◆ Work to complete: Because the images are not wanted, restate every line below word for word without them.

◆ Data excerpt:
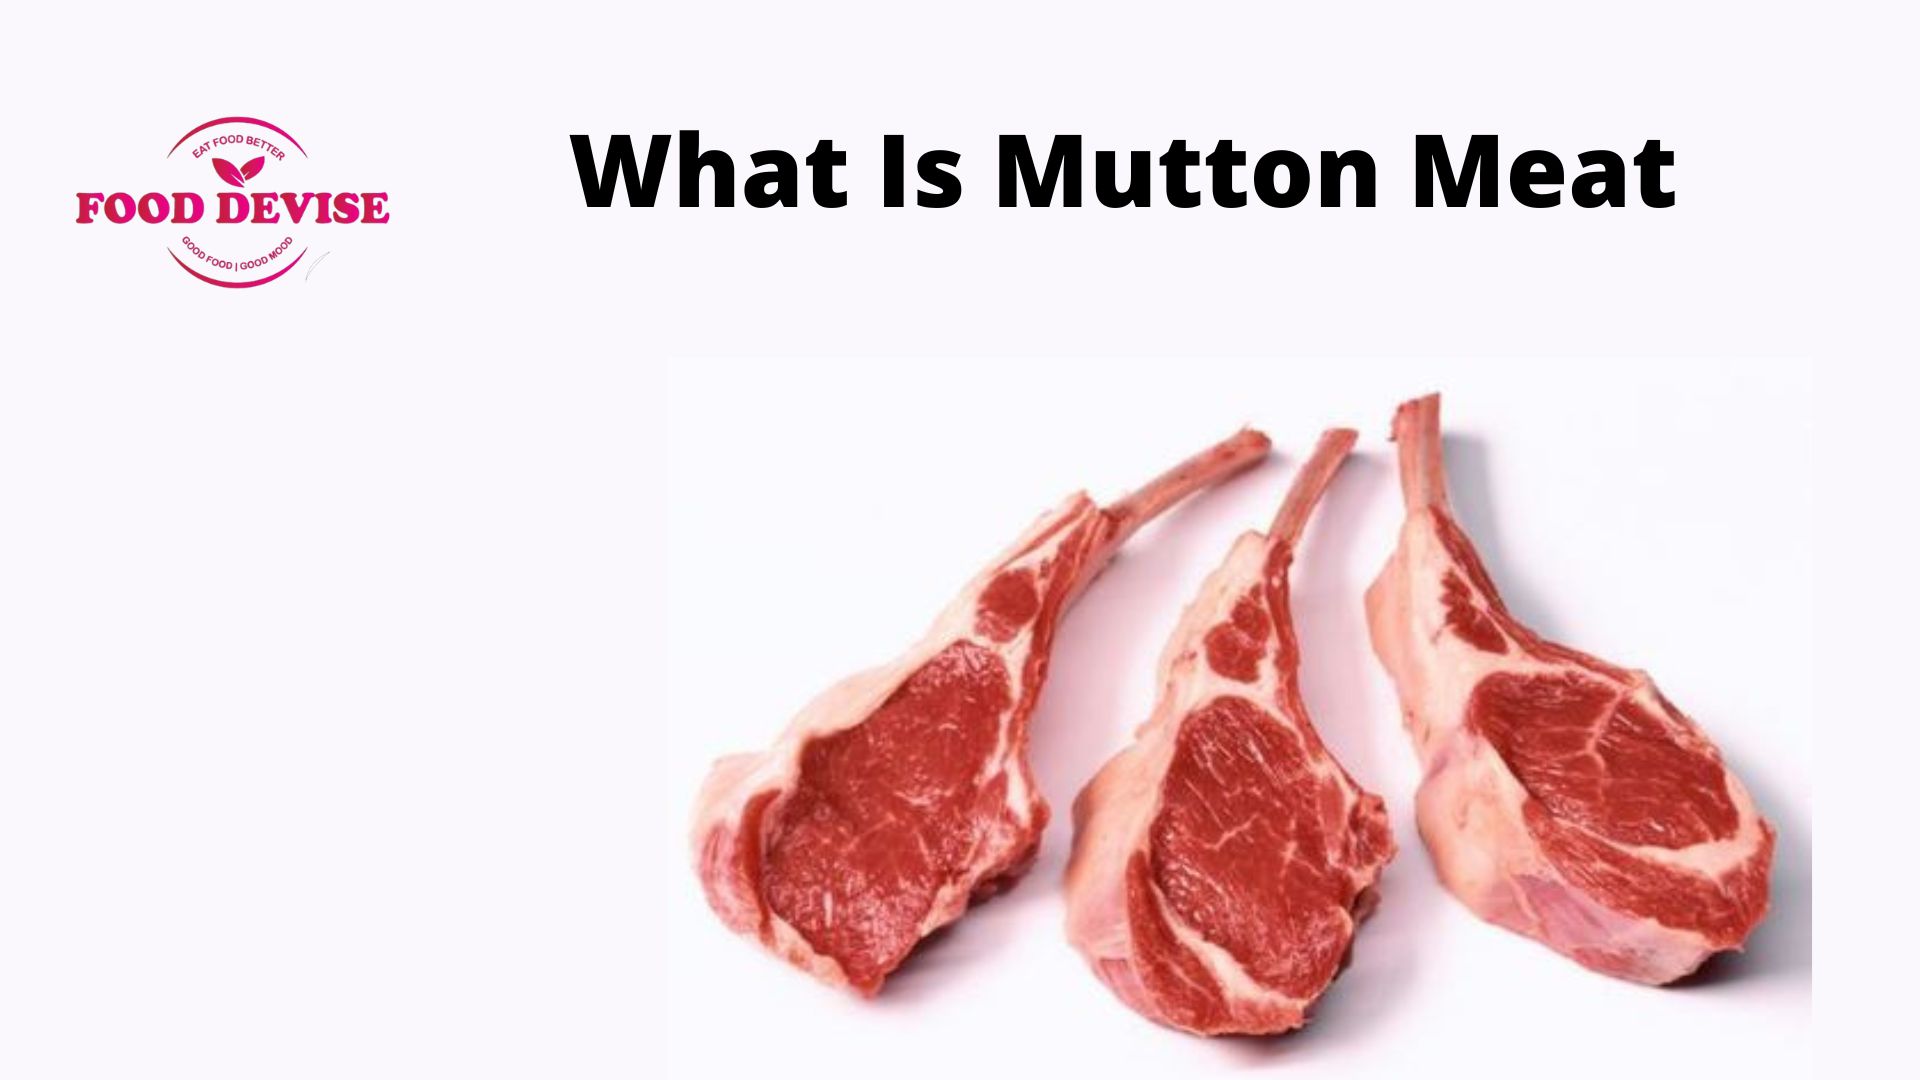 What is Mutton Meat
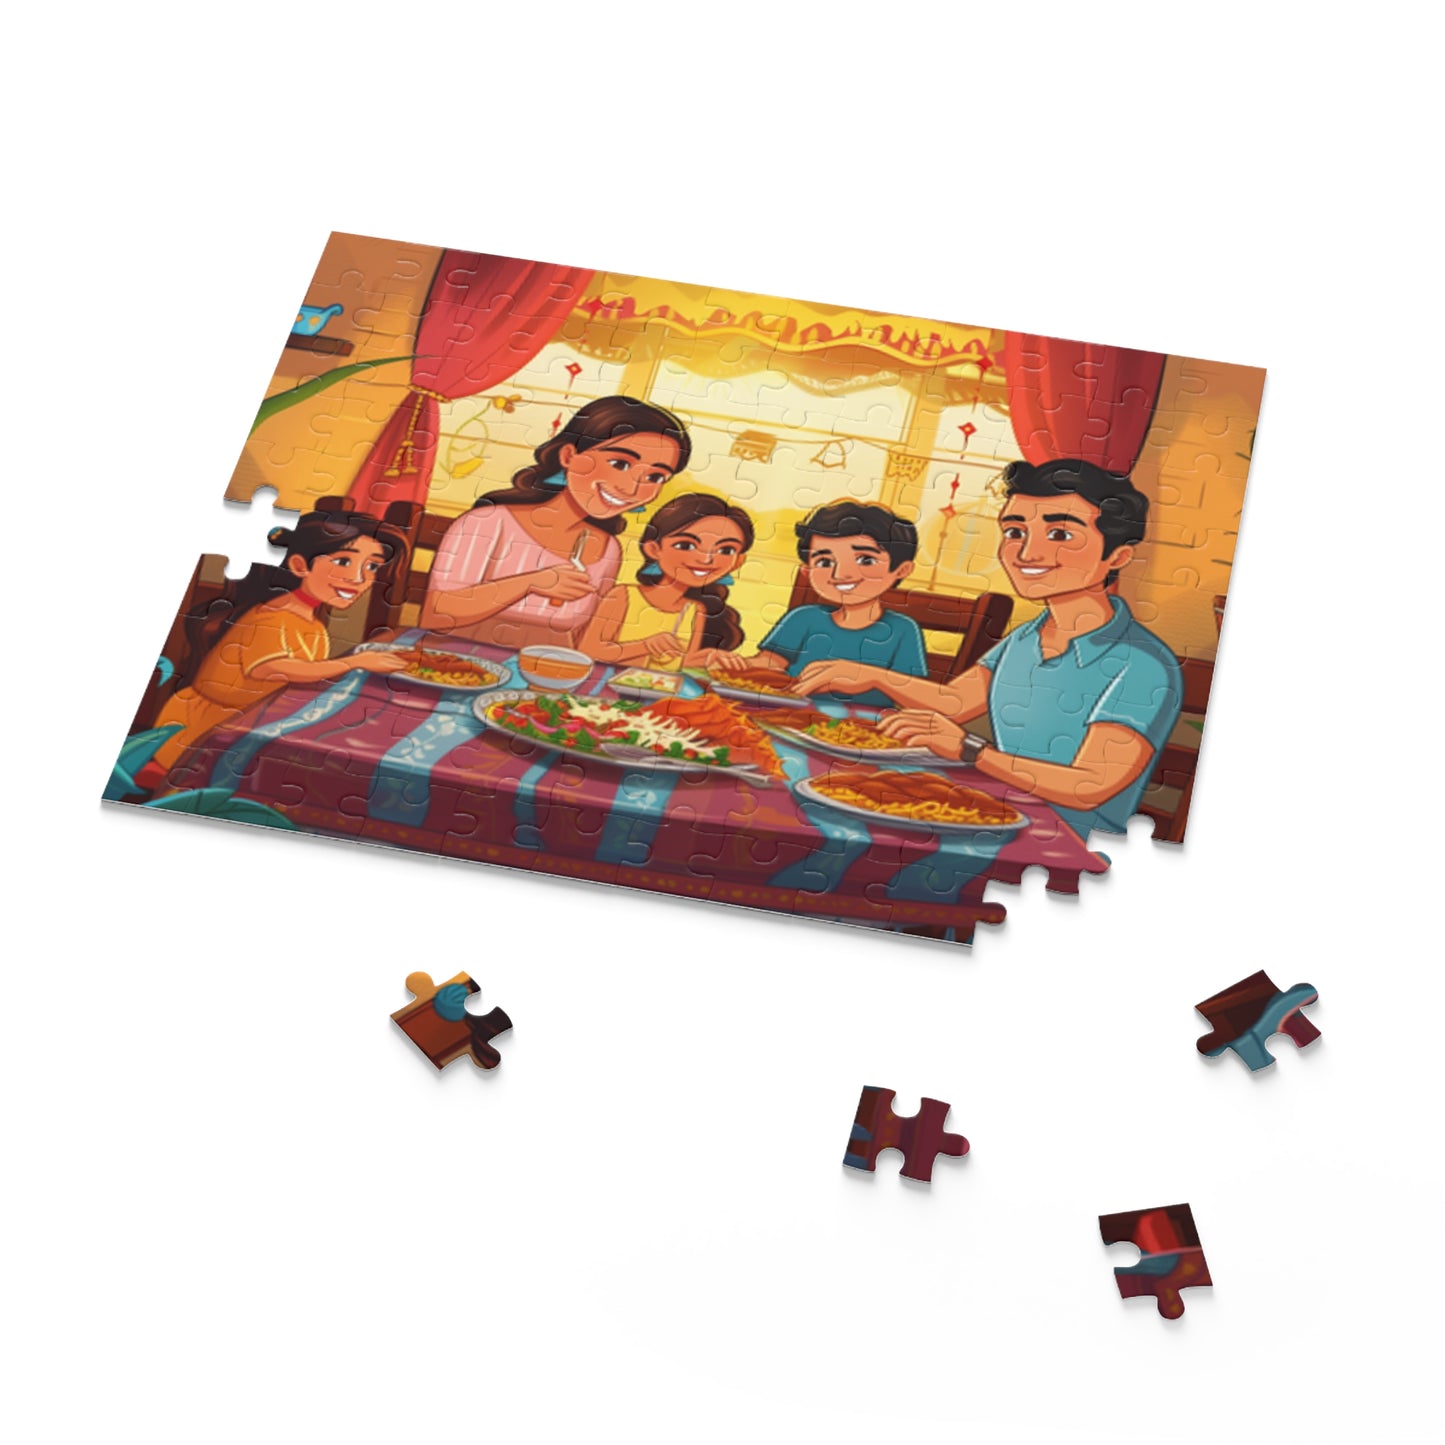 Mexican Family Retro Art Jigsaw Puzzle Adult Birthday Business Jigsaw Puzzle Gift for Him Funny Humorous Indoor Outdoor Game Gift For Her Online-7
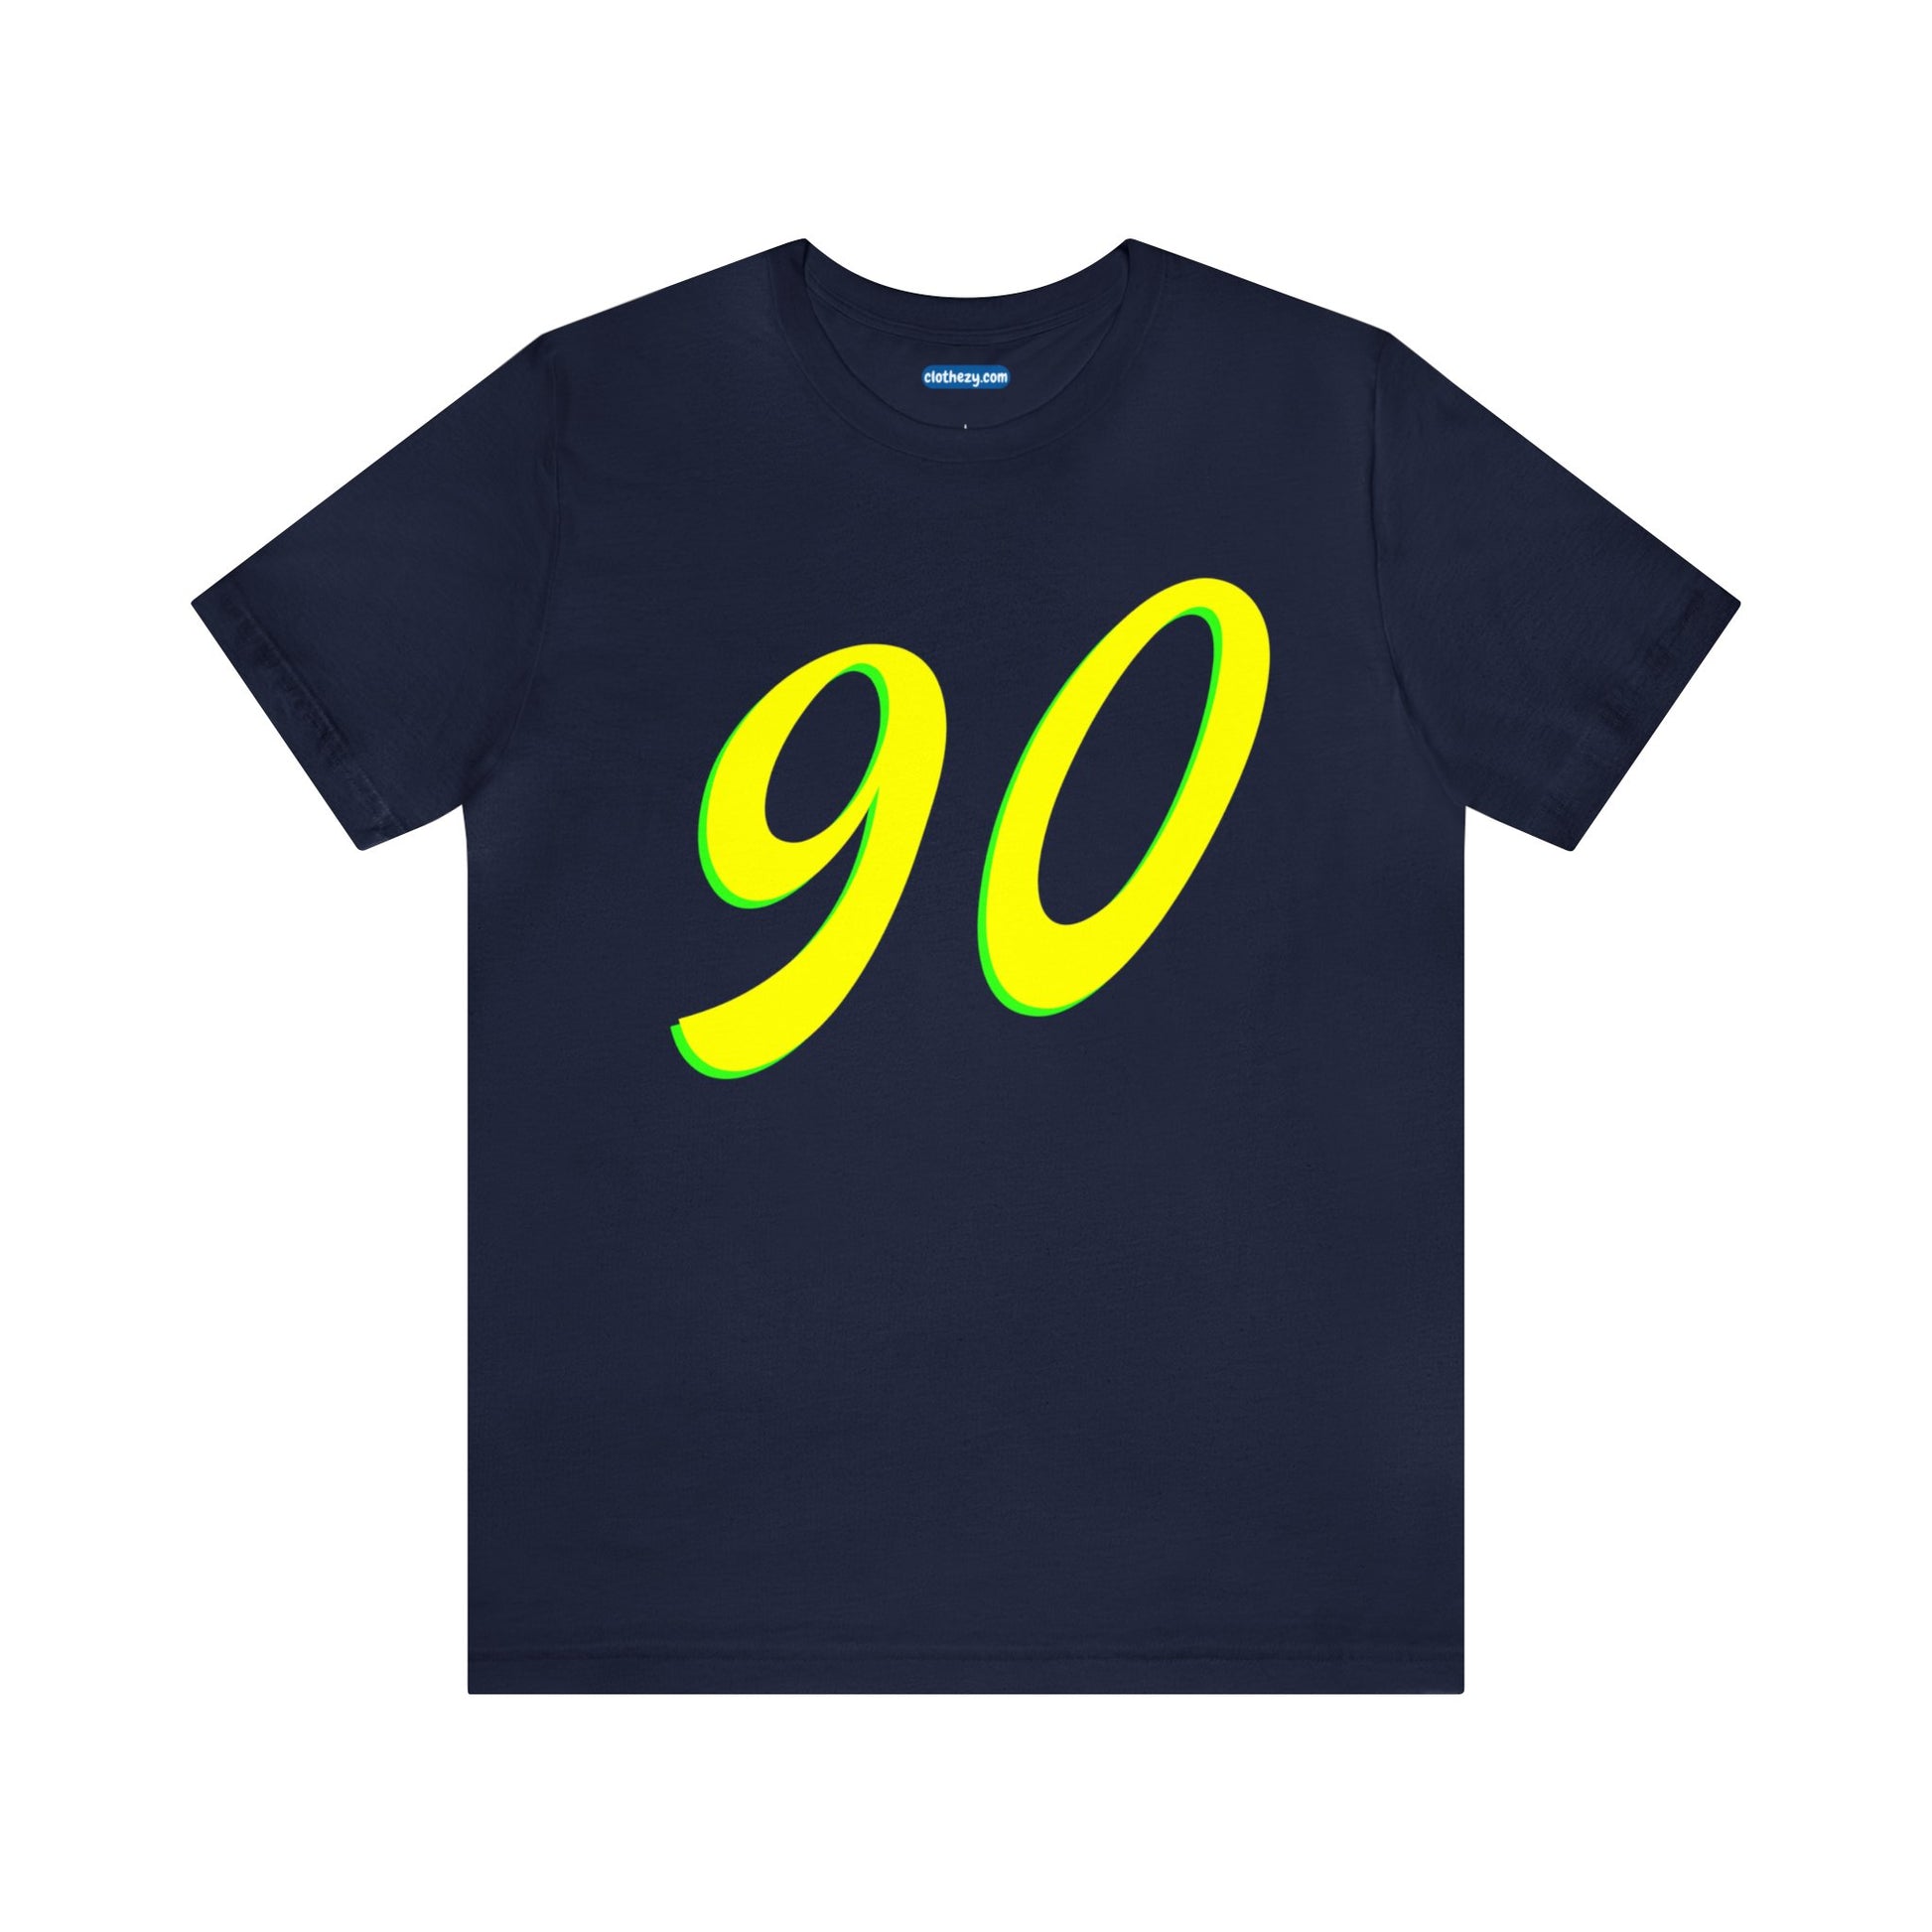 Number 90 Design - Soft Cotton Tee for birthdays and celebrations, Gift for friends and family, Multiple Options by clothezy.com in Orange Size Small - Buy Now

◆ Reply:
 What is Mutton Meat
 Mexican Family Retro Art Jigsaw Puzzle Adult Birthday Business Jigsaw Puzzle Gift for Him Funny Humorous Indoor Outdoor Game Gift For Her Online-7
 Number 90 Design - Soft Cotton Tee for birthdays and celebrations, Gift for friends and family, Multiple Options by clothezy.com in Orange Size Small - Buy Now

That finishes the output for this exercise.